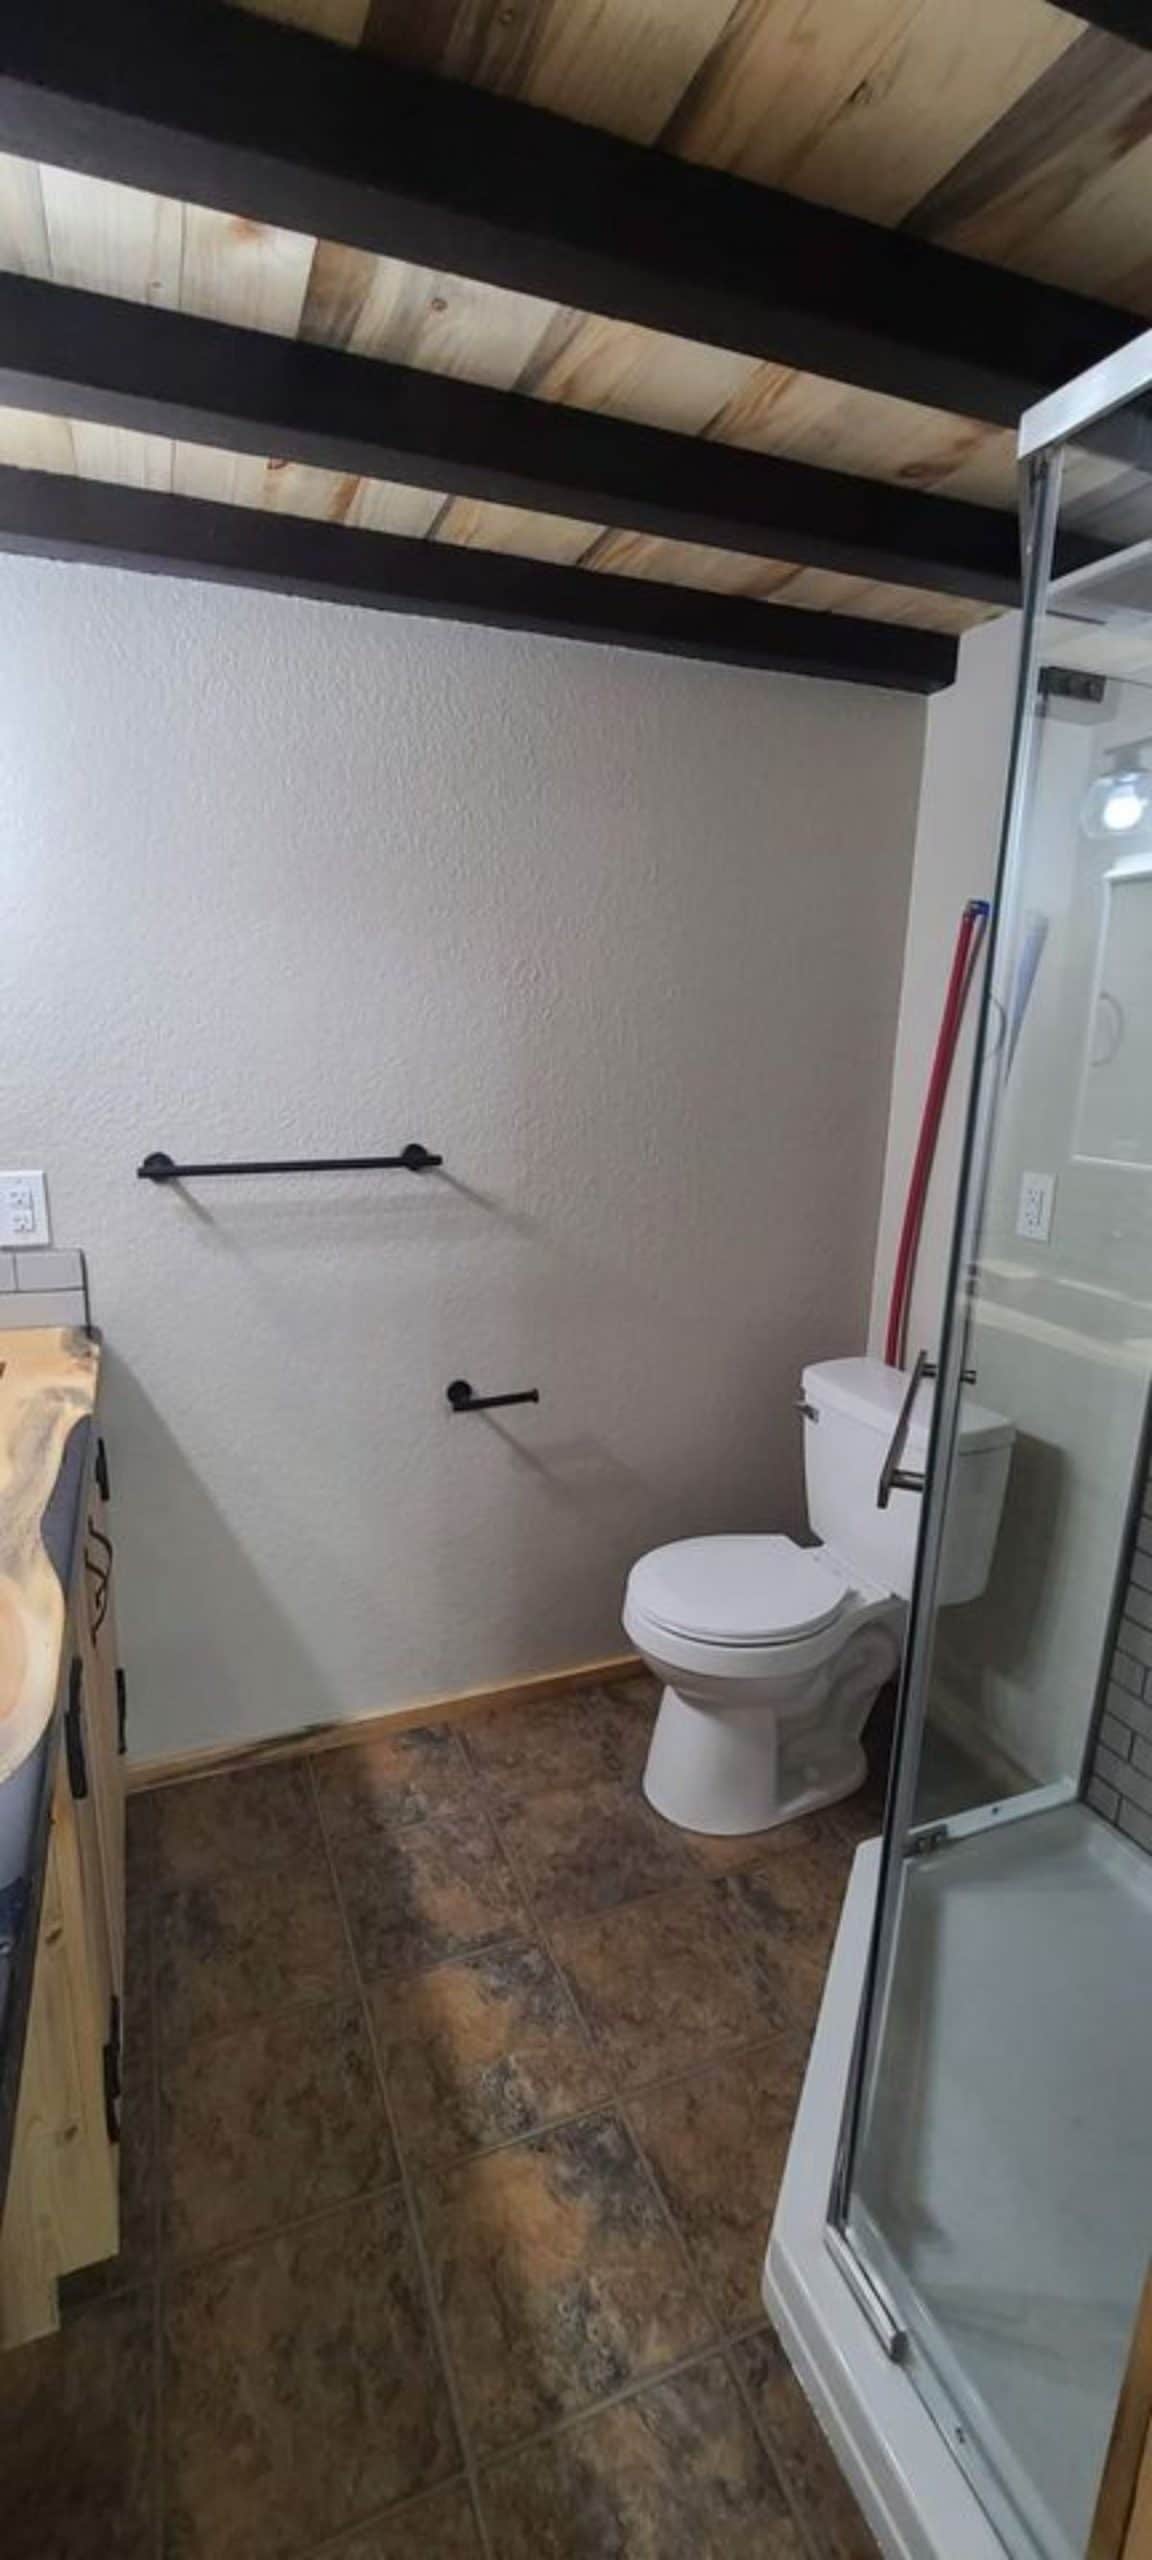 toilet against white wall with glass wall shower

---

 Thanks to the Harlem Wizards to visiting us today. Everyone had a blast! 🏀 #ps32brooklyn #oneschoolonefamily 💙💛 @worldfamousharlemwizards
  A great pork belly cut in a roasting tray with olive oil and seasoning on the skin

---

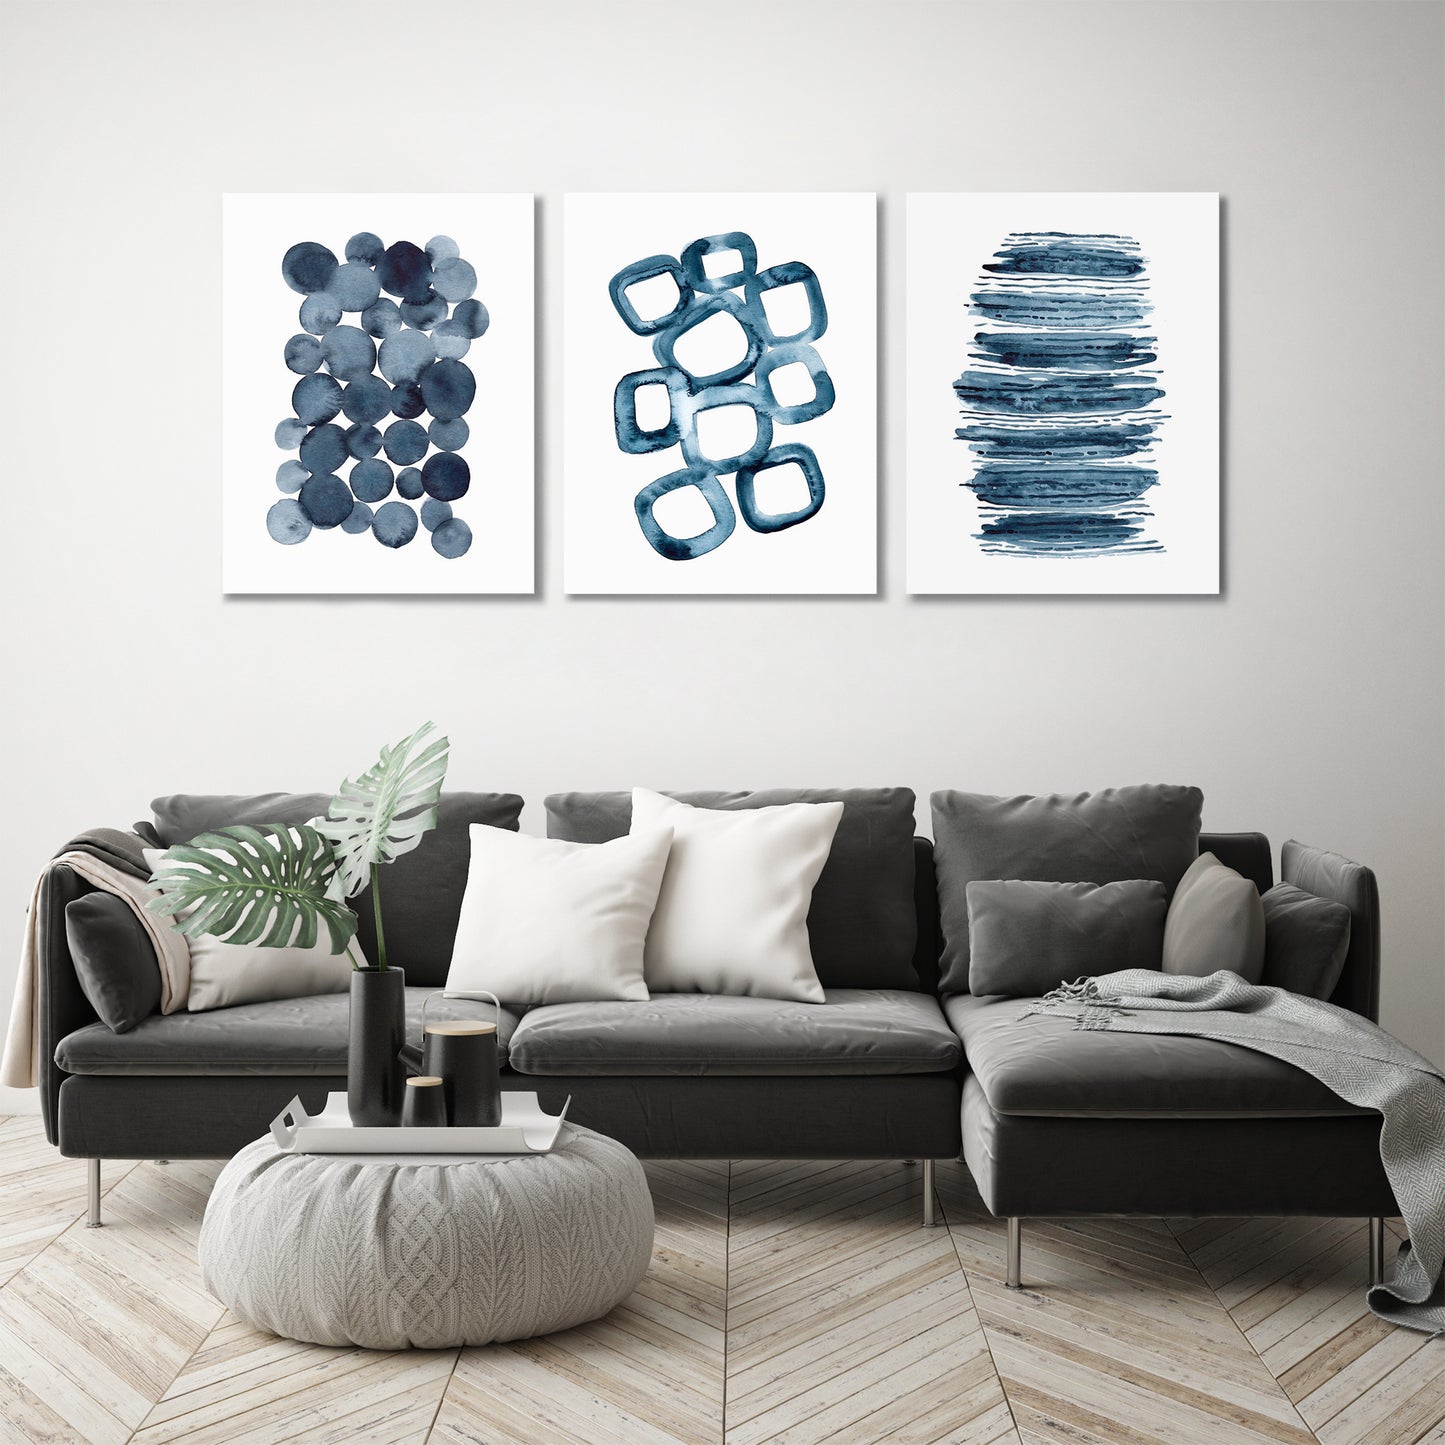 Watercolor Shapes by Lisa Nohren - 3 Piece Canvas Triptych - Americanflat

[What you have to do] Beginning with the line containing "Thanks to the" and ending with the line containing "A great pork", extract those lines exactly from the listing above, and only those.

[Task solution]
 Thanks to the Harlem Wizards to visiting us today. Everyone had a blast! 🏀 #ps32brooklyn #oneschoolonefamily 💙💛 @worldfamousharlemwizards
  A great pork belly cut in a roasting tray with olive oil and seasoning on the skin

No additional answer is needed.